You simply initialize the backend. The model is on CPU unless moved to GPU.

It seems like the device_ids argument is also not needed in DDP initialization, right?

https://pytorch.org/docs/master/generated/torch.nn.parallel.DistributedDataParallel.html

" * device_ids (list of python:int or torch.device) –CUDA devices. 1) For single-device modules, device_ids can contain exactly one device id, which represents the only CUDA device where the input module corresponding to this process resides. Alternatively, device_ids can also be None. 2) For multi-device modules and CPU modules, device_ids must be None.When device_ids is None for both cases, both the input data for the forward pass and the actual module must be placed on the correct device. (default: None)"

1 Like

I see. Another question is regarding this piece of code:

    # create model and move it to GPU with id rank
    model = ToyModel().to(rank)
    ddp_model = DDP(model, device_ids=[rank])

    loss_fn = nn.MSELoss()
    optimizer = optim.SGD(ddp_model.parameters(), lr=0.001)
    optimizer.zero_grad()
    outputs = ddp_model(torch.randn(20, 10))
    labels = torch.randn(20, 5).to(rank)
    loss_fn(outputs, labels).backward()
    optimizer.step()

The model has been designated to a GPU and also wrapped by DDP. But when we feed in data as in this line

outputs = ddp_model(torch.randn(20, 10))

Shouldn’t we use torch.randn(20, 10).to(rank) instead?

ddp will move input to device properly

So, which all_reduce algorithm does gloo use?
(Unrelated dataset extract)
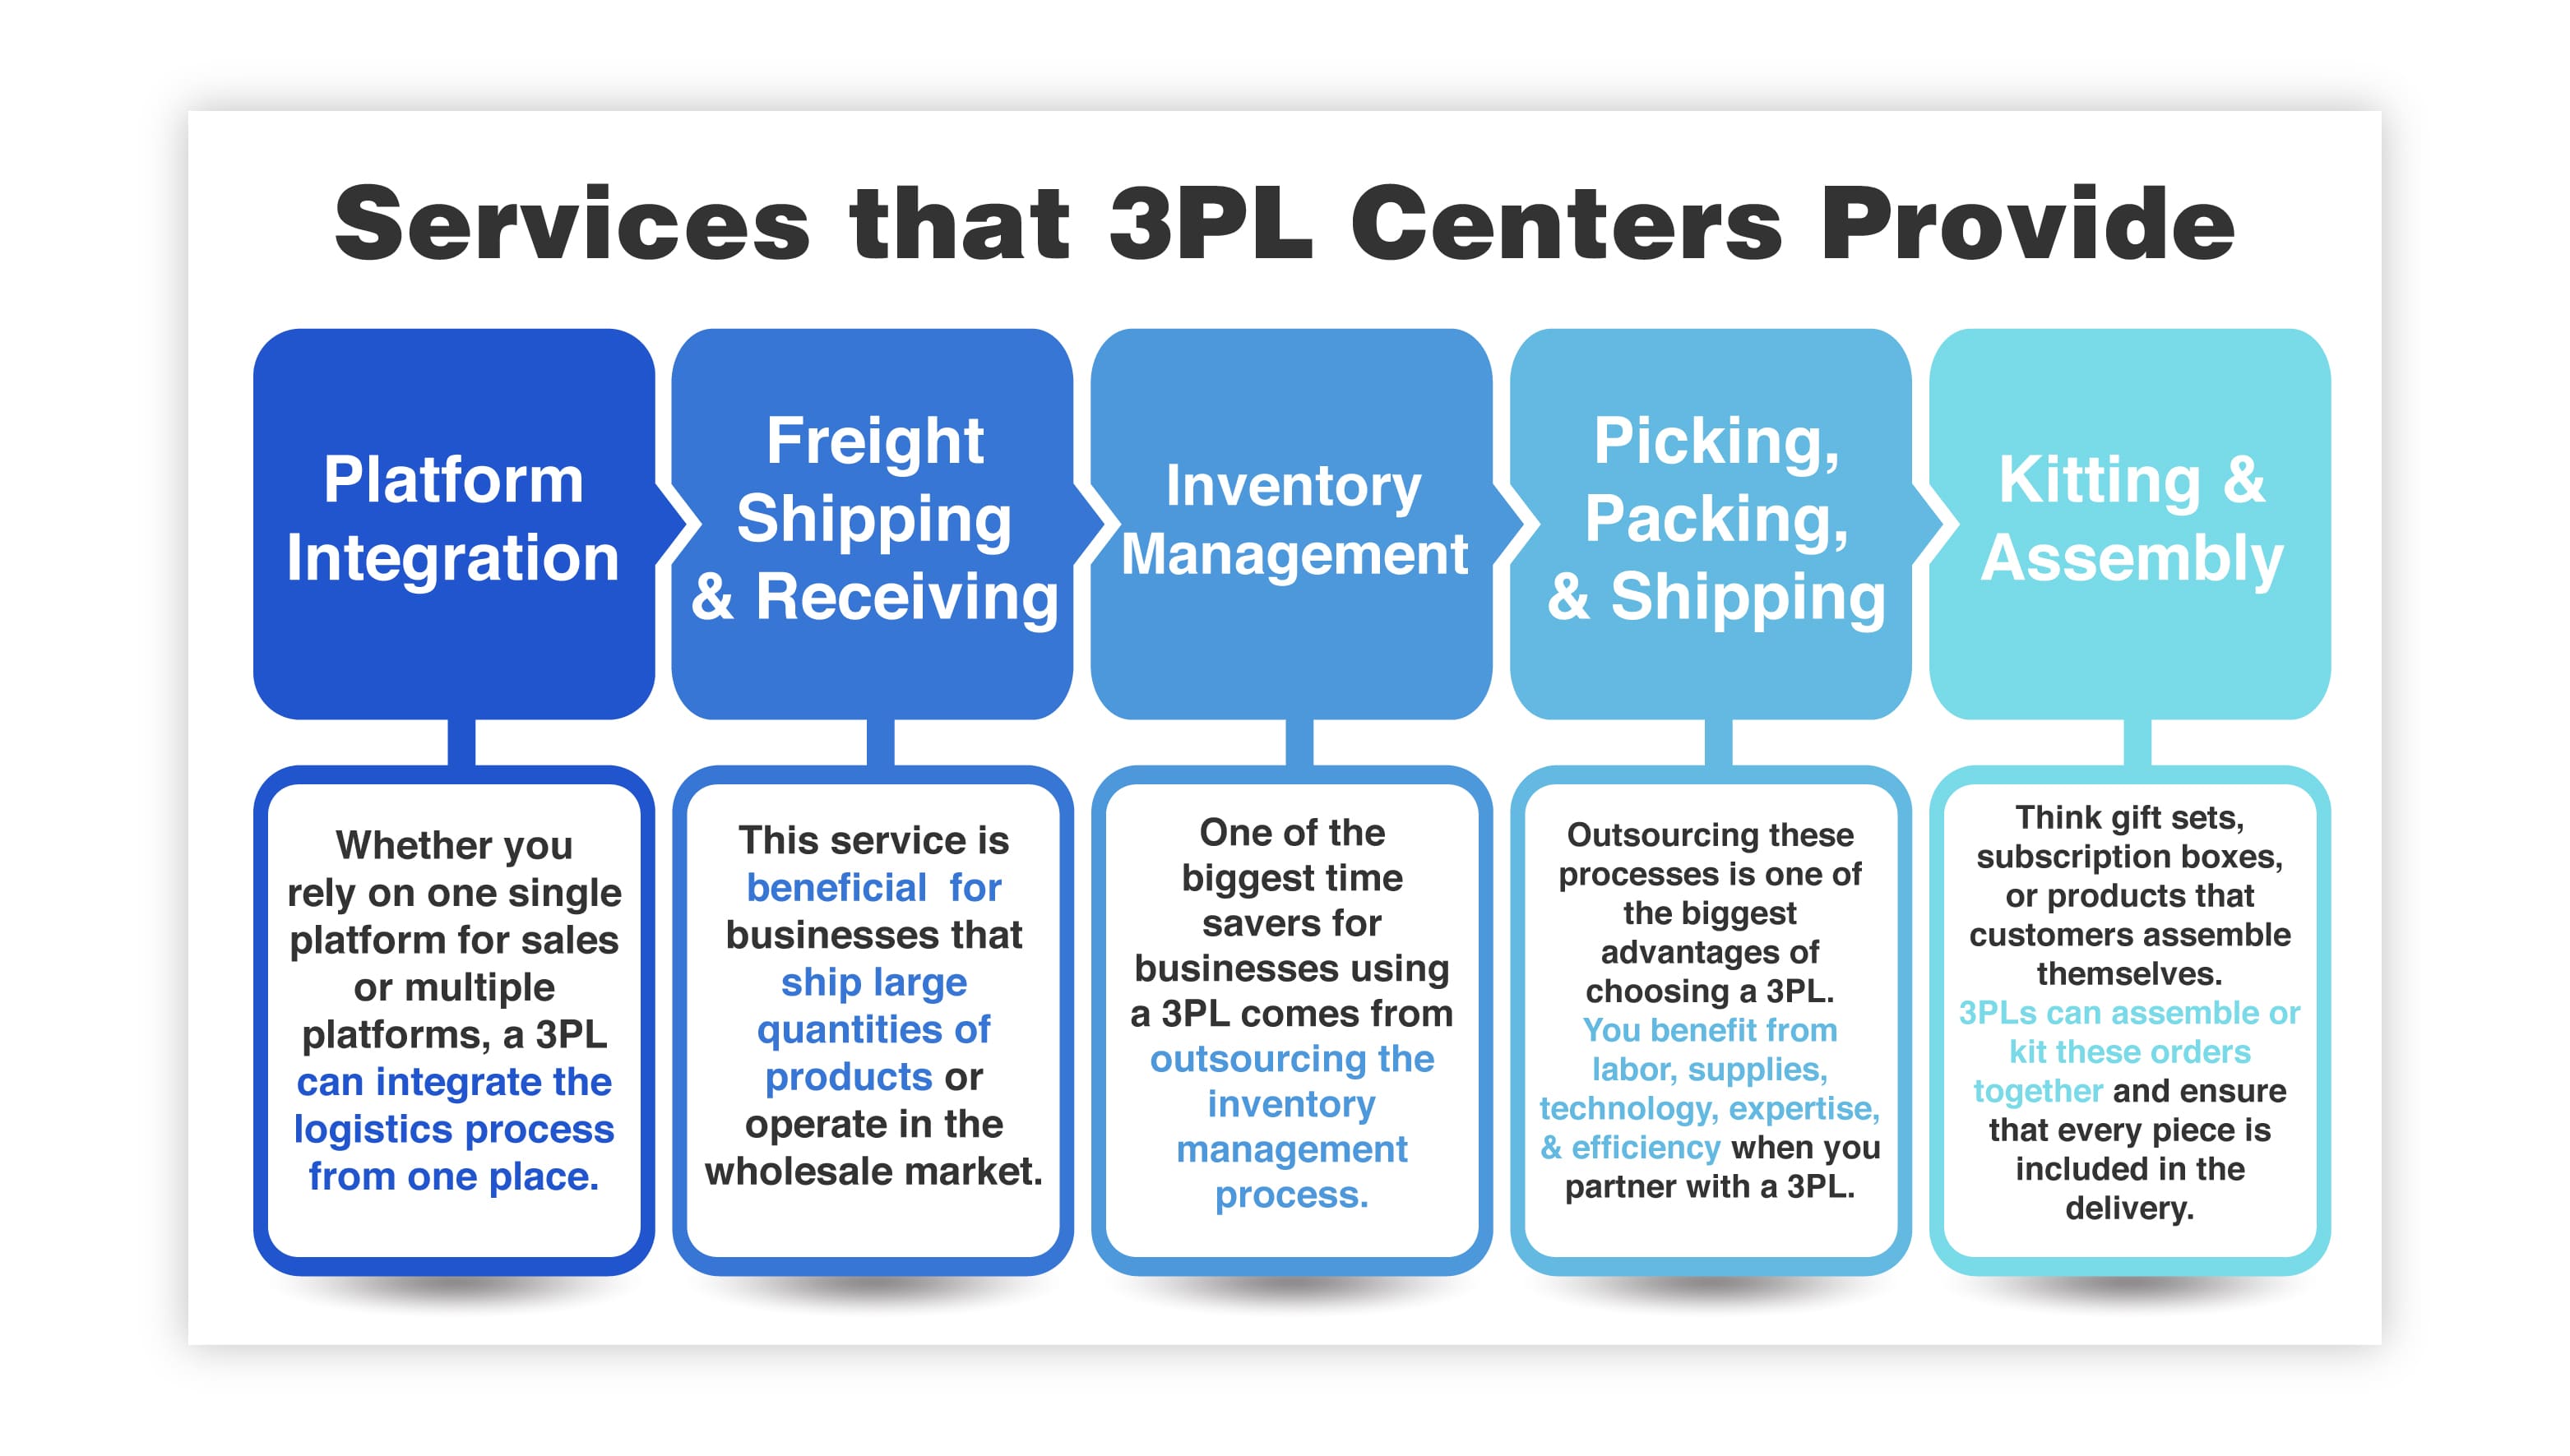 Services that 3PL Centers Provide
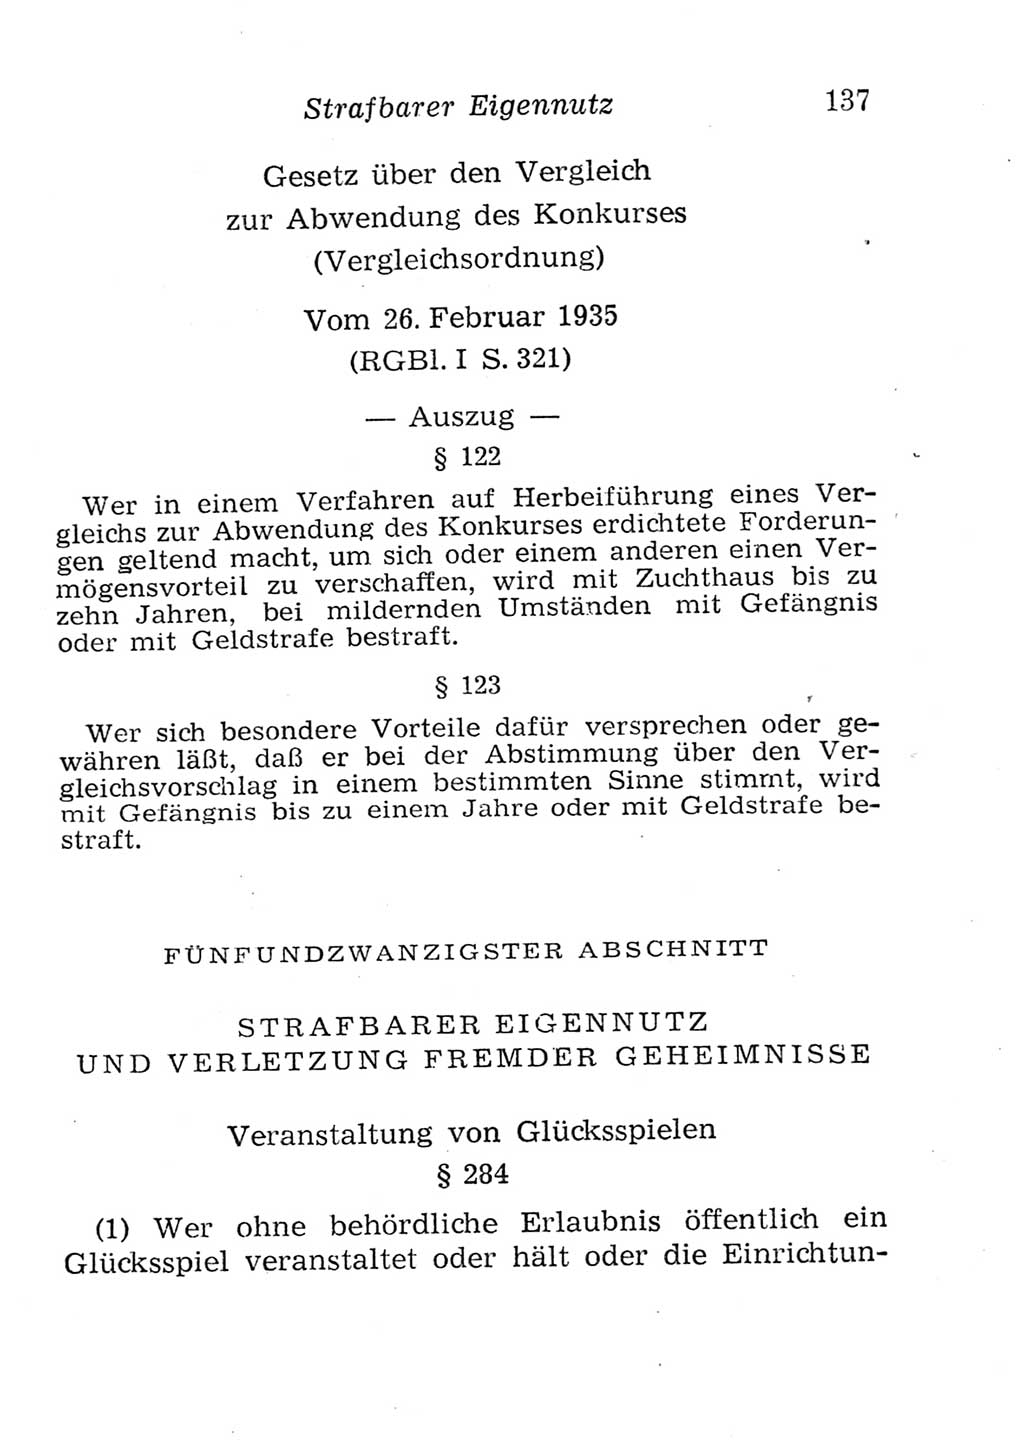 Strafgesetzbuch (StGB) und andere Strafgesetze [Deutsche Demokratische Republik (DDR)] 1957, Seite 137 (StGB Strafges. DDR 1957, S. 137)

I saw there is ring, bcube, halving_doubling, etc. In addition, does the host do the all_reduce or directly on devices?

in default, gloo is using ring algorithm gloo/allreduce.cc at master · facebookincubator/gloo · GitHub. Gloo will do the all reduce on host, but NCCL will do the all reduce on devices

1 Like

Hmm, but it seems that GLOO does support all_reduce op on CUDA tensors, right? So my question is why bother running the all_reduce on host (You have to cudaMemcpy the CUDA tensors to CPU and do the all_reduce there, and then transfer it back to GPU devices again)? Why not directly do all_reduce on GPU? It seems on GPU is faster, am I right?